— Это зуб.
— Зуб?
— Да. Зуб одной из отцовских собак. Отец отдал мне его, когда пес издох.
— А зачем он дал его вам? На память? Или как украшение? Как амулет, оберегающий от беды?
— Ну… да… А что в этом такого?
— В самом деле — что в этом такого?
Теперь она улыбается — той же задумчивой улыбкой, с какой она обратилась к Аретино; эта улыбка озаряет все ее лицо, так что кажется, будто кожа у нее начинает светиться. И точно так же, как она не может знать, когда от взгляда на нее делается не по себе, она не сознает, что становится лучезарной.
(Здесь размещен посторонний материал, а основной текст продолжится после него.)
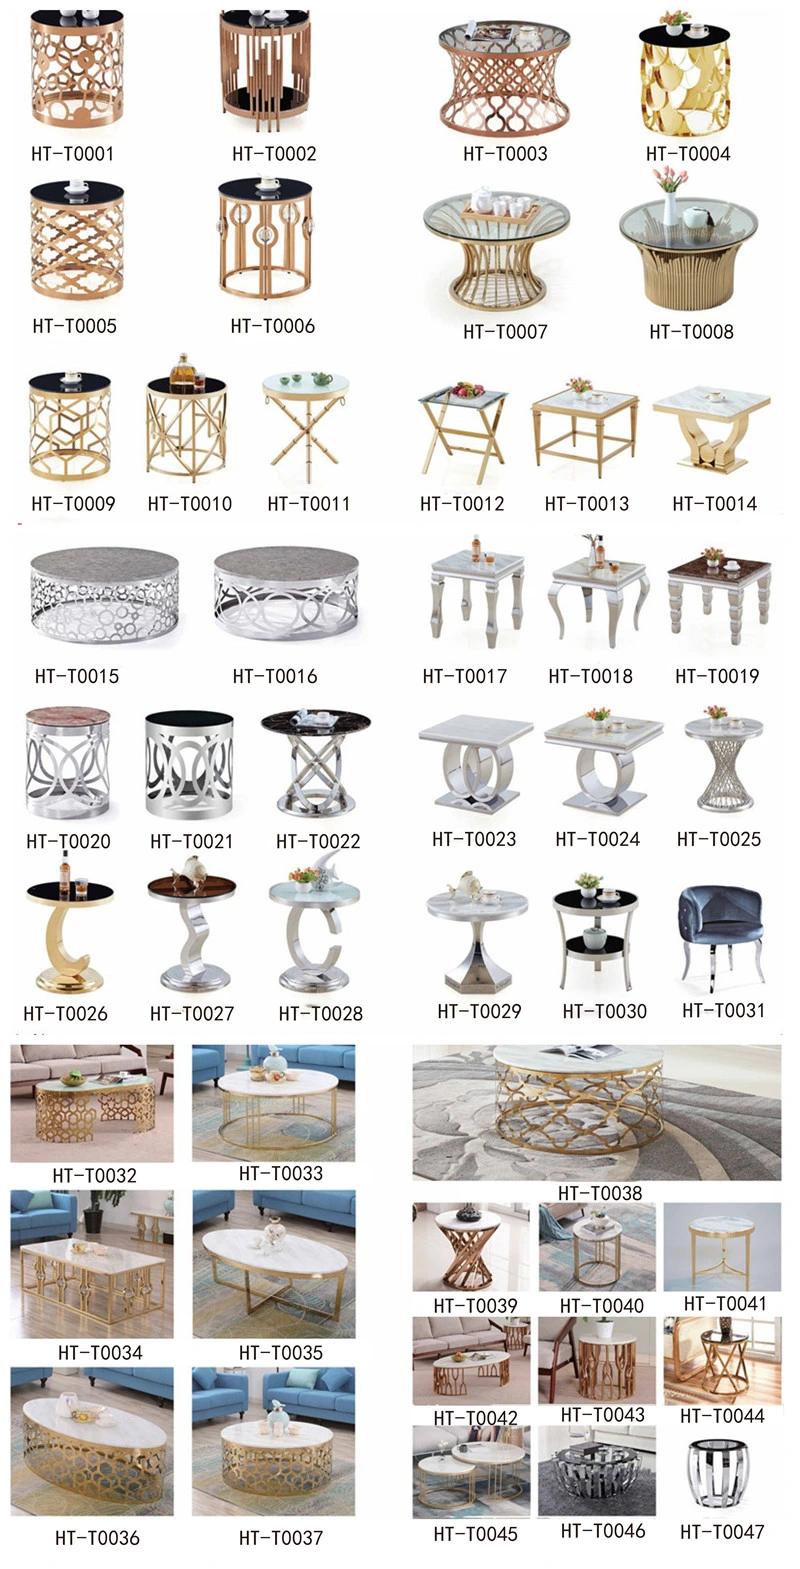 Customized Living Room Furniture Stainless Steel Marble Coffee Table Round Side Table

И несмотря на то, что я все время обороняюсь от нее, порой в ней проглядывает такая нежность, что я вот- вот сдамся.
— Да, мона Фьямметта исцелилась телом. Но она давно уже не появлялась на людях и поэтому тревожится. Вы же все время бегаете по городу с поручениями, а потому не замечаете того, что у вас перед глазами. Я лишь стараюсь избавить ее от ненужных страхов. Вот и все. Если она верит в чудо, то оно происходит. Это как с вашим собачьим зубом. Понимаете? Вот и все мои «любовные привороты». Да я за них денег и не прошу. Так что можете спрятать свой кошелек.
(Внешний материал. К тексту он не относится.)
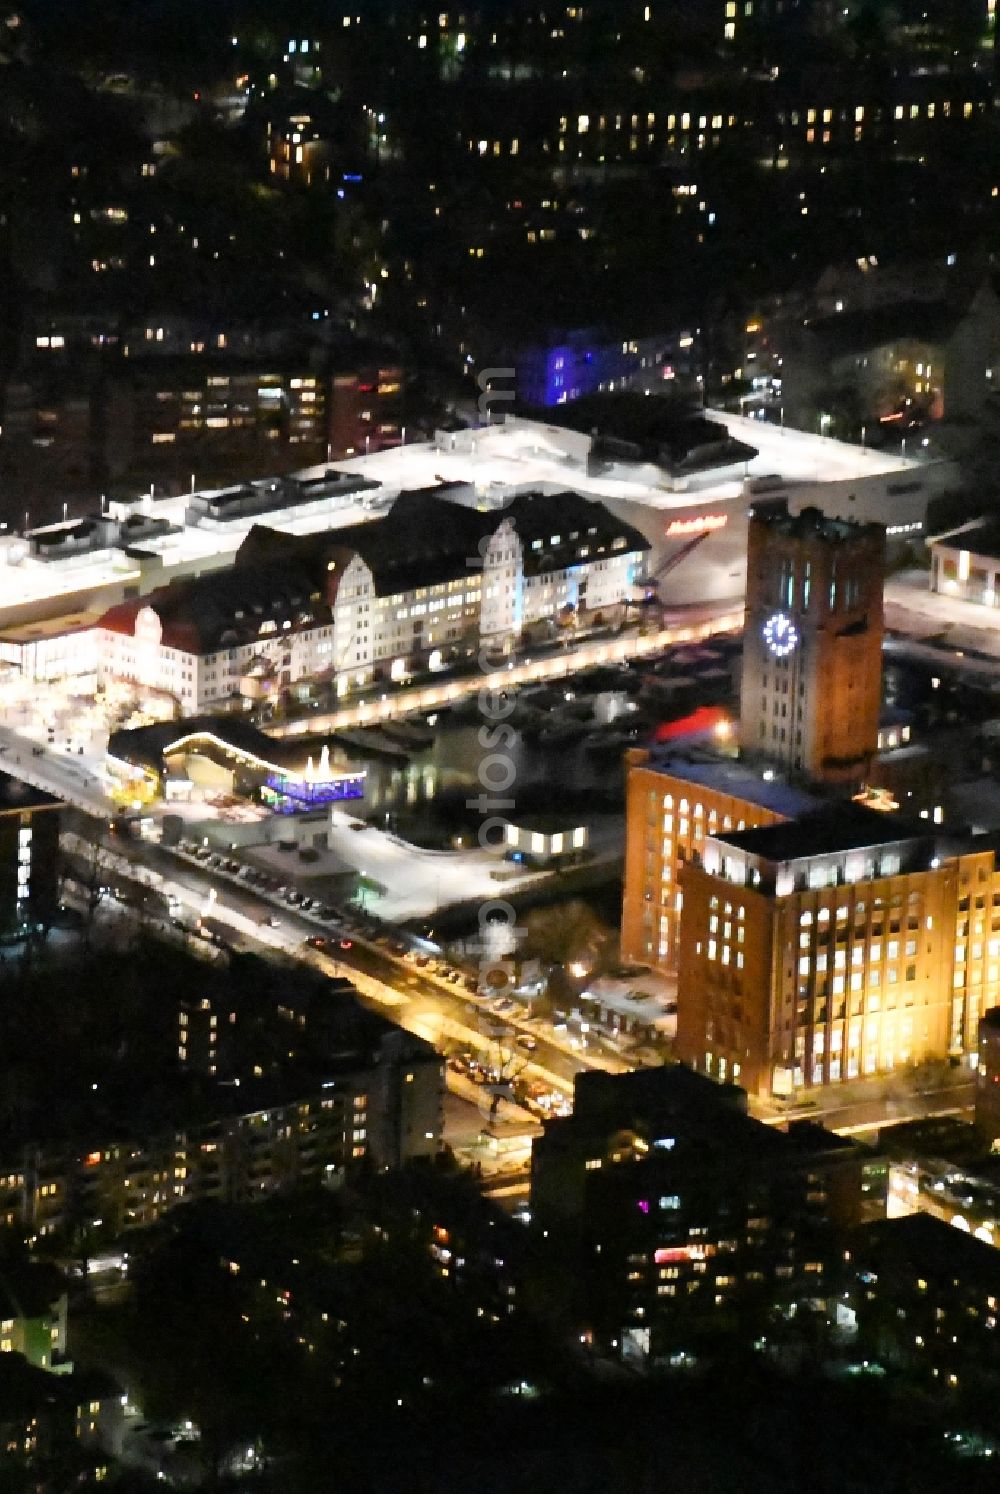 Aerial photograph at night Berlin - Night image with a view of the shopping mall Tempelhofer Hafen and Ullsteinhaus on Tempelhofer Damm in the district of Tempelhof-Schoeneberg in Berlin

Мне нечего возразить. Я понимаю, что она права, а я — нет. И хотя я вел себя глупо, я не настолько глуп, чтобы не признаться в этом теперь.
С другой стороны улицы в нашу сторону идет какой-то мальчишка. Я узнаю в нем одного из помощников пекаря из лавки на площади, где я по утрам покупаю хлеб. Поравнявшись с нами, он таращит на нас глаза — разумеется, мы с ней являем самую причудливую пару, какую только можно увидеть. Чтобы поскорее отделаться от него, я одаряю его широчайшей ухмылкой, и он дает деру с такой скоростью, словно я плюнул ему в рожу. Скоро вся округа прослышит о том, что ведьма и карлик милуются на улице среди бела дня. В пересказе эта история наверняка приобретет оттенок чувственности, ибо праздное воображение всюду привыкло усматривать грех похоти, особенно если речь идет о телесном уродстве; к тому же всем известно, что мы оба обслуживаем шлюху, чей запах посреди ночи притягивает к ней под окна целые лодки с охваченными страстью юнцами.
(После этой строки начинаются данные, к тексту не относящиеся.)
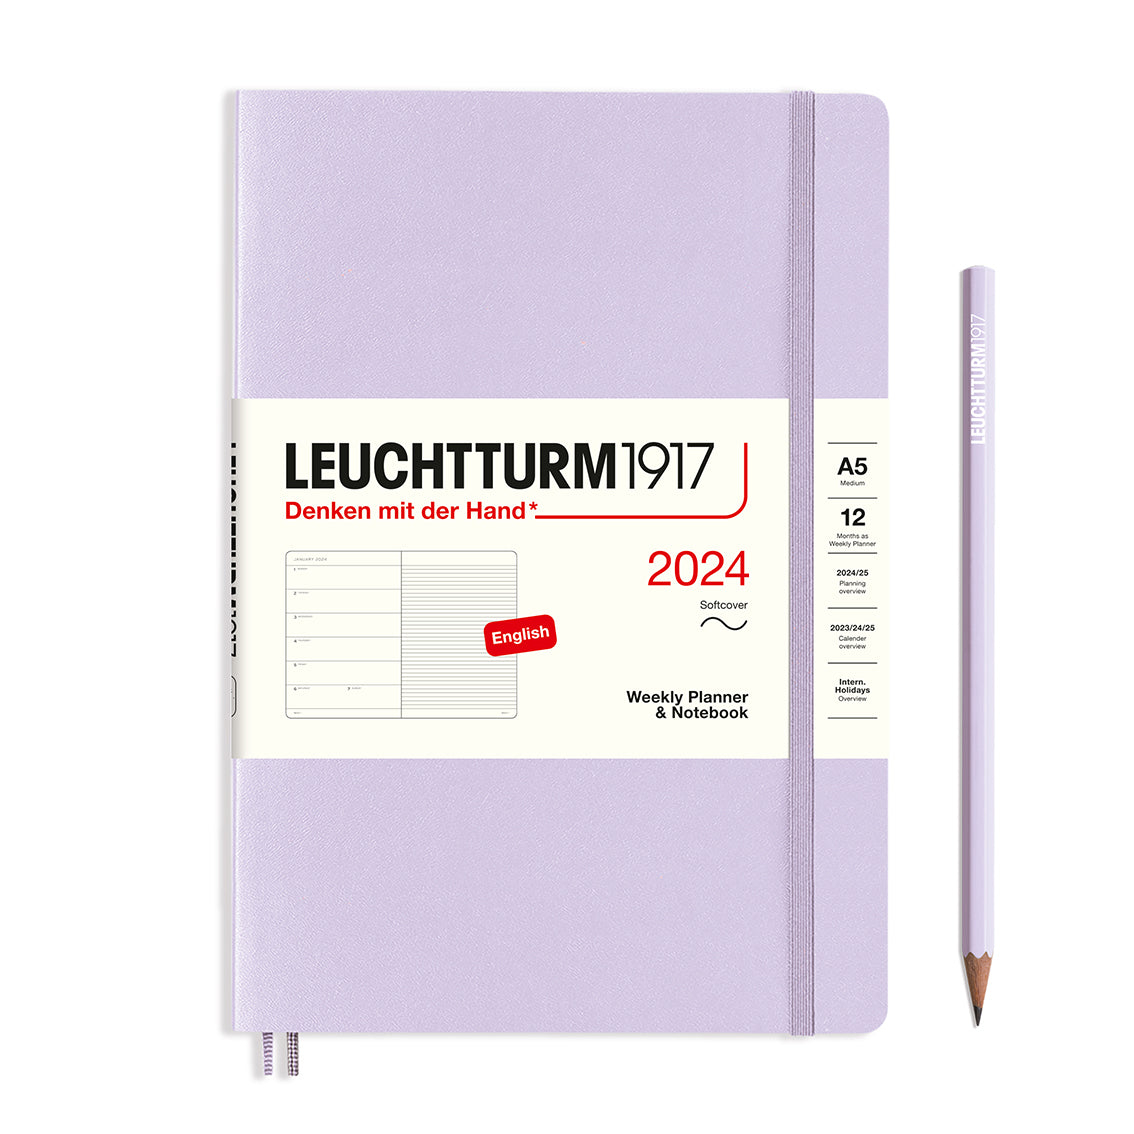 An image of a lilac planner with a lilac elastic band holding it together and a cream paper wrap around the middle stating the business name Leuchtturm1917, that it is for the year 2024, it is a weekly planner and notebook, is A5 in size and an English language version. It has an image on the wrap showing the inside layout which is a week on the left hand page and a notes page on thr right hand page. A lilac pencil is shown at the side of the planner.

Она выжидает, а поскольку я по-прежнему ничего не отвечаю, вдруг спрашивает:
— Скажите, Бучино, отчего вы меня так не любите?
— Что?
— Мы ведь оба служим ей. Оба заботимся о ней. А она — о нас. И тем не менее мы с вами все время ссоримся.
— Я не… не люблю вас. То есть…
— Может быть, вам все еще кажется, что я как-то провела ее, что волосы у нее выросли бы без моей помощи. Или — что я колдунья, потому что люди судачат обо мне не меньше, чем о вас. Я права? Или вам просто не нравится смотреть на меня? Неужели я настолько безобразнее вас?
Конечно, я не знаю, что на это сказать. Я, у кого всегда готов ответ на все, сейчас ответа не нахожу. Мне делается дурно и стыдно, я чувствую себя ребенком, которого поймали на неумелой лжи. Ее лицо неподвижно, и несколько мгновений я не понимаю, чего от нее ожидать. На сей раз, протянув ко мне руки, она не ошибается. Она касается моего огромного выпуклого лба, и я замираю. До чего же холодные у нее руки! Просто ледяные. Она медленно проводит пальцами по моему лицу, глазницам, касается носа, рта, подбородка, словно читая мои черты на ощупь. Я чувствую, как по телу пробегает дрожь, — еще и оттого, что она не говорит ни слова. Закончив ощупывать меня, она опускает руки, а несколько мгновений спустя поворачивается и уходит.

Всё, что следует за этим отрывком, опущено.